6. Fraud and Identity Theft Protection
- You may think fraud and identity theft only happens to “adults,” but according to the Federal Trade Commission 25% of teenagers will be affected before the age of 18.
- One of the main reasons for this is quite simple – social media.
- Undoubtedly social media plays an important role in the lives of today’s teenagers, and the free sharing of personal information is what greatly contributes to the fraud and ID theft which is occurring.
- As such, it is imperative teenagers understand the importance of protecting all their personal information, including social security number, passwords, account numbers, PIN, etc.
- Discussion should also include strong passwords usage, frequent changing of passwords, as well as third-party providers who assist in both prevention and assistance.
7. What Jobs Pay
- One important money topic to discuss with your teenager is, well, money.
- That is, how to make it!
- And one way to help your teenager better understand how money is earned is by discussing various professions and job opportunities along with accompanying pay.
- Doing so will not only give your teenager a better perspective on potential career paths but, more importantly, the educational requirements necessary to achieve such success.
- They may even discover the longer the stay in school, the more money they will earn over their lifetime.
- And one way to get your teen to start think about jobs and accompanying salaries is by visiting websites such as salary.com and glassdoor.com.
8. Making a Budget
- In fact, it’s not a bad idea to share your actual household budget with your teen.
- However, if this is a little too personal for you then develop a mock budget based upon the same categories you have – house payment/rent, utilities, groceries, entertainment, etc.
- Doing this will not only give your teen perspective on the cost of living, but also help him or her develop money management strategies.
9. Having Good Credit
- Perhaps the best way to explain what a credit score is to a teenager, is to compare it to a report card.
- Like a report card, a credit score indicates how an individual has handled his or her finances in the past and is a good indicator on how they will be handled in the future.
- So, if someone has not paid on his or her debts or is continually late in making payments, then this would be reflected with a low credit score.
- Conversely, individuals who make timely payments and make good on their financial obligations are rewarded with a good credit score.
- And, having a good credit score not only means being approved for loans and additional credit, but also paying a lower interest rate on what is borrowed than an individual who has a low credit score.
- So, it’s a win-win – winning because creditors want to lend you money and more winning because you will pay less on what you borrow!
10. Setting Financial Goals
- Financial goals are just like any other type of goal – you gotta have a plan to make them happen.
- Let’s face it, saving money and achieving financial goals takes conscious effort – it doesn’t just happen!
- When doing so, however, here are a few things your teenager should know:
- Can’t Do Everything at Once – It is important your teen understands in order to achieve a large goal, smaller ones must be achieved along the way.
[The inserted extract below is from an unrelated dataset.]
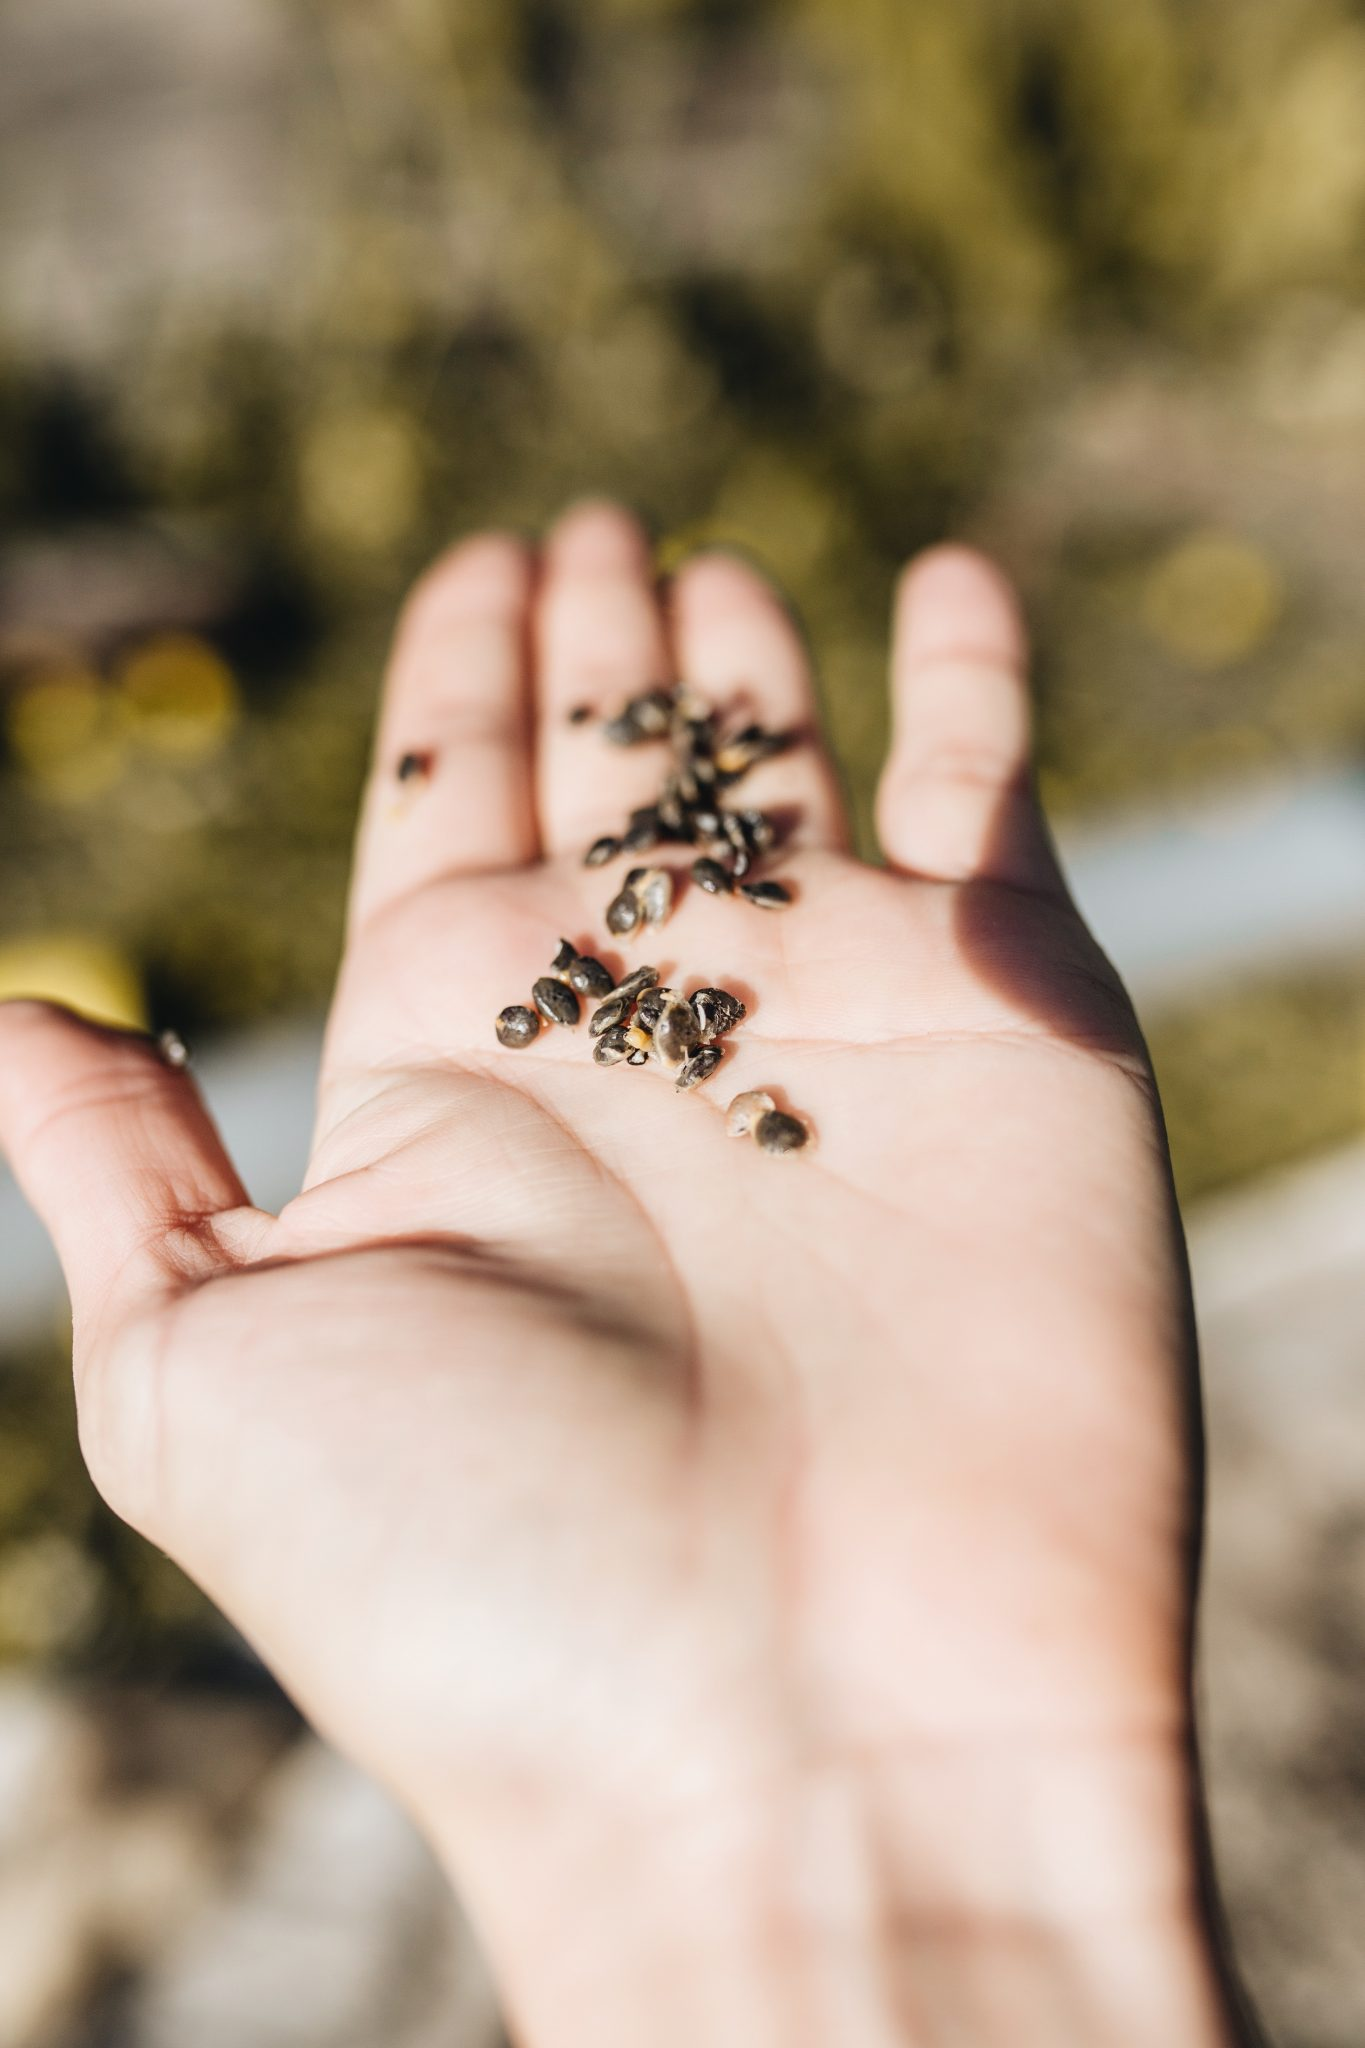 écologie : les petits gestes sont-ils efficaces ?

So, they need to start with a specific goal that is measurable and achievable.Add to It – Once an initial goal is met, add to it.
Research has shown the main way teenagers learn to handle their finances stems from what they learn from their parents/guardians. Simply stated, teens follow what they see. So, as you teach your teenager the correct way to handle his or her finances be sure to pay close attention – you may just be helping yourself!